Oberlandesgericht Celle: Urteil vom 28.09.2006 – 14 U 201/05

1. Gegen die Vereinbarung einer festen Kostenobergrenze in einem Architektenvertrag spricht, dass der Auftraggeber einer nachfolgenden höheren Kostenschätzung nicht entgegentritt, sondern diese akzeptiert.



2. Aus den Angaben im Bauantrag zu den voraussichtlichen Baukosten ist nicht herzuleiten, dass die Parteien eines Architektenvertrages eine Kostenobergrenze vereinbart haben.



3. Das Fehlen der Kostenberechnung gemäß DIN 276 führt zu einer Honorarminderung von 1,5%.


Oberlandesgericht Celle

Im Namen des Volkes

Urteil

14 U 201/05
Verkündet am 28. September 2006

In dem Rechtsstreit XXX

hat der 14. Zivilsenat des Oberlandesgerichts Celle auf die mündliche
Verhandlung vom 2. Mai 2006 unter Mitwirkung des Vorsitzenden Richters
am Oberlandesgericht Zepp und der Richter am Oberlandesgericht Dr. Franzki und Dr. Wessel für Recht erkannt:

Die Berufung des Beklagten gegen das am 3. August 2005 verkündete Urteil des Einzelrichters der 6. Zivilkammer des Landgerichts Hildesheim wird mit der Maßgabe zurückgewiesen, dass sich der vom Landgericht ausgeurteilte Zahlungsbetrag auf 35.207,07 ? (nebst Zinsen in der erstinstanzlich ausgeurteilten Höhe) ermäßigt.

In Höhe weiterer 518,41 ? (nebst Zinsen) wird die Klage daher abgewiesen.

Der Beklagte hat die Kosten des Berufungsverfahrens zu tragen.

Das Urteil ist vorläufig vollstreckbar. Der Beklagte kann die Vollstreckung durch Sicherheitsleistung oder Hinterlegung in Höhe von 110 % des aufgrund des Urteils vollstreckbaren Betrages abwenden, wenn nicht der Kläger vor der Vollstreckung Sicherheit in Höhe von 110 % des jeweils zu vollstreckenden Betrages leistet.

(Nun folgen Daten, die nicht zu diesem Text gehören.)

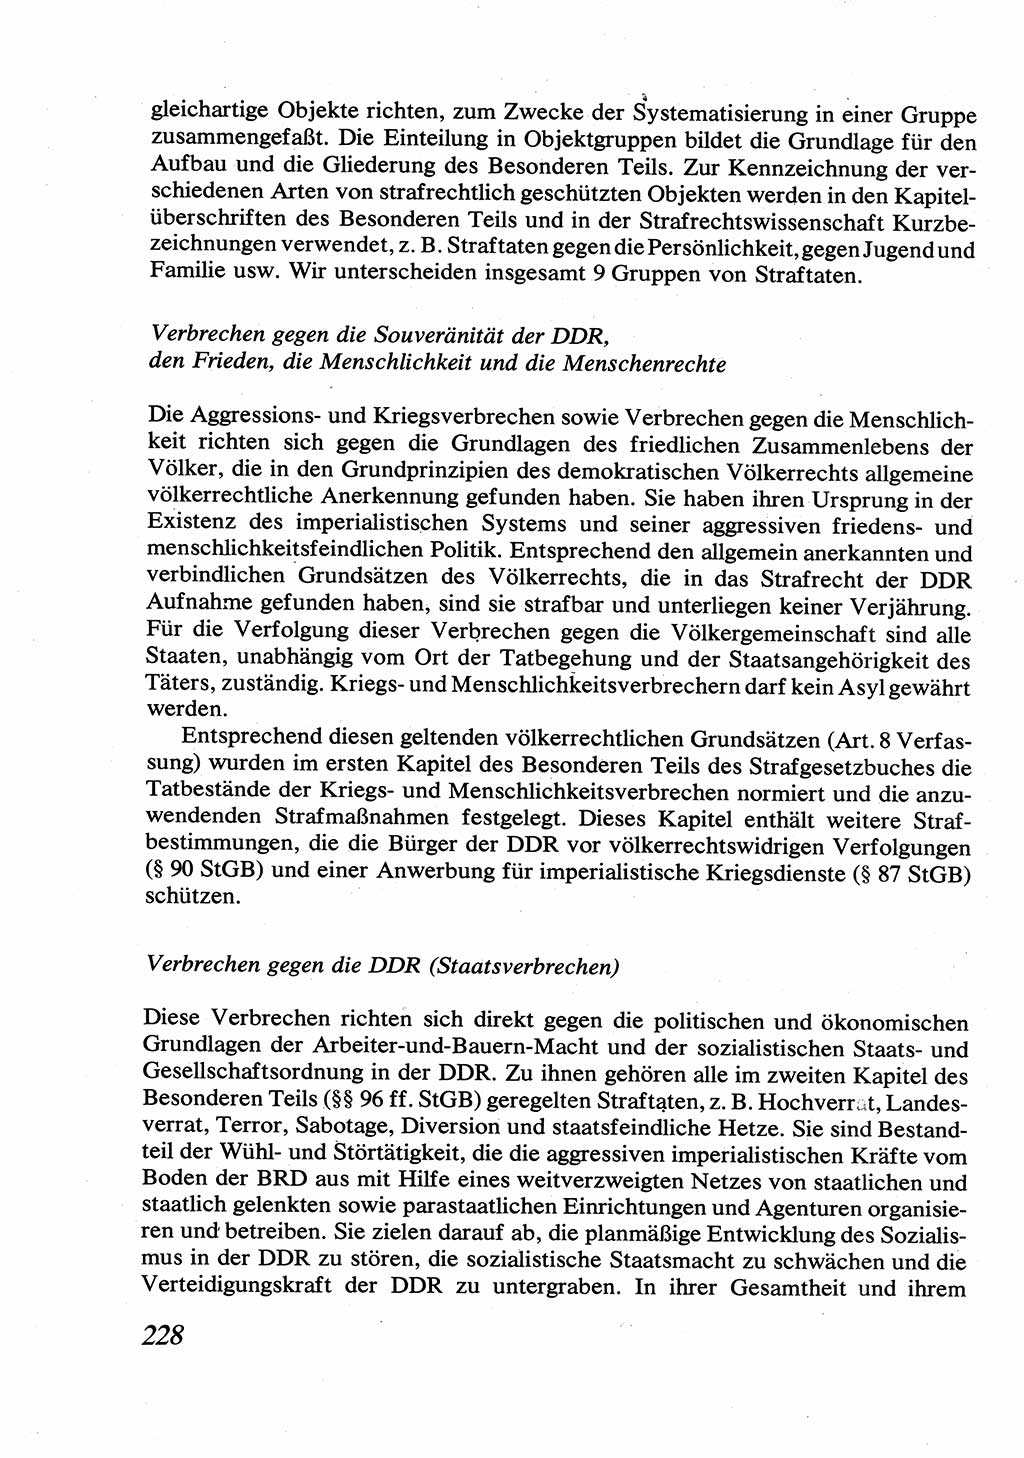 Strafrecht [Deutsche Demokratische Republik (DDR)], Allgemeiner Teil, Lehrbuch 1976, Seite 228 (Strafr. DDR AT Lb. 1976, S. 228)

Die Revision wird nicht zugelassen.

G r ü n d e :

I.

Der Kläger ist Architekt und nimmt den Beklagten auf Zahlung von Architektenhonorar im Zusammenhang mit der im Jahre 2003 erfolgten Planung von dessen Einfamilienhaus-Neubau in E., P.- weg 11, in Anspruch. Das Landgericht hat der Klage nach sachverständiger Aufklärung im Wesentlichen stattgegeben und den Beklagten verurteilt, an den Kläger 35.725,48 ? (nebst Zinsen) zu zahlen.

Gegen dieses Urteil, auf dessen Tatbestand und Entscheidungsgründe zur näheren Sachdarstellung Bezug genommen wird, wendet sich der Beklagte mit seiner Berufung, mit der er sein Verteidigungsziel einer vollständigen Abweisung der Klage weiterverfolgt. Unter Wiederholung und Vertiefung seines erstinstanzlichen Vorbringens macht er insbesondere geltend, dass die Leistungsphasen 4 bis 8 nicht nach dem Kostenanschlag vom 16. Juni 2003 über 565.663 ? berechnet werden dürften. Als Bezugsgröße müssten vielmehr die Baukosten in Höhe von 350.000 ? herangezogen werden, die die Parteien in dem schriftlichen Architektenvertrag vom 8. April 2003 vereinbart hätten. Eine Vergütung für nicht erbrachte Leistungen stehe dem Kläger nicht zu, weil es der Kläger gewesen sei, der den Architektenvertrag gekündigt habe, weil er den vereinbarten Bezugstermin zum Weihnachtsfest 2003 nicht schriftlich habe bestätigen wollen. Schließlich behauptet der Beklagte, dass der Kläger die Ausführungsplanung nur mangelhaft erbracht habe. Infolgedessen seien ihm - dem Beklagten - Mehrkosten in Höhe von 91.993,12 ? entstanden. Mit einem darauf gestützten Schadensersatzanspruch rechnet der Beklagte gegenüber der Klageforderung (weiterhin) auf.

Der Beklagte beantragt,

das angefochtene Urteil abzuändern und die Klage in vollem Umfang
abzuweisen,

hilfsweise, das angefochtene Urteil aufzuheben und die Sache an das
Gericht erster Instanz zurückzuverweisen.

Der Kläger beantragt,

die Berufung zurückzuweisen.

Er verteidigt das angefochtene Urteil.

Wegen der Einzelheiten des Vorbringens der Parteien im Berufungsverfahren wird auf den vorgetragenen Inhalt der gewechselten Schriftsätze nebst Anlagen Bezug genommen.

II.

Die zulässige Berufung des Beklagten hat nur in geringem Umfang, d. h. in Höhe von 518,41 ?, Erfolg.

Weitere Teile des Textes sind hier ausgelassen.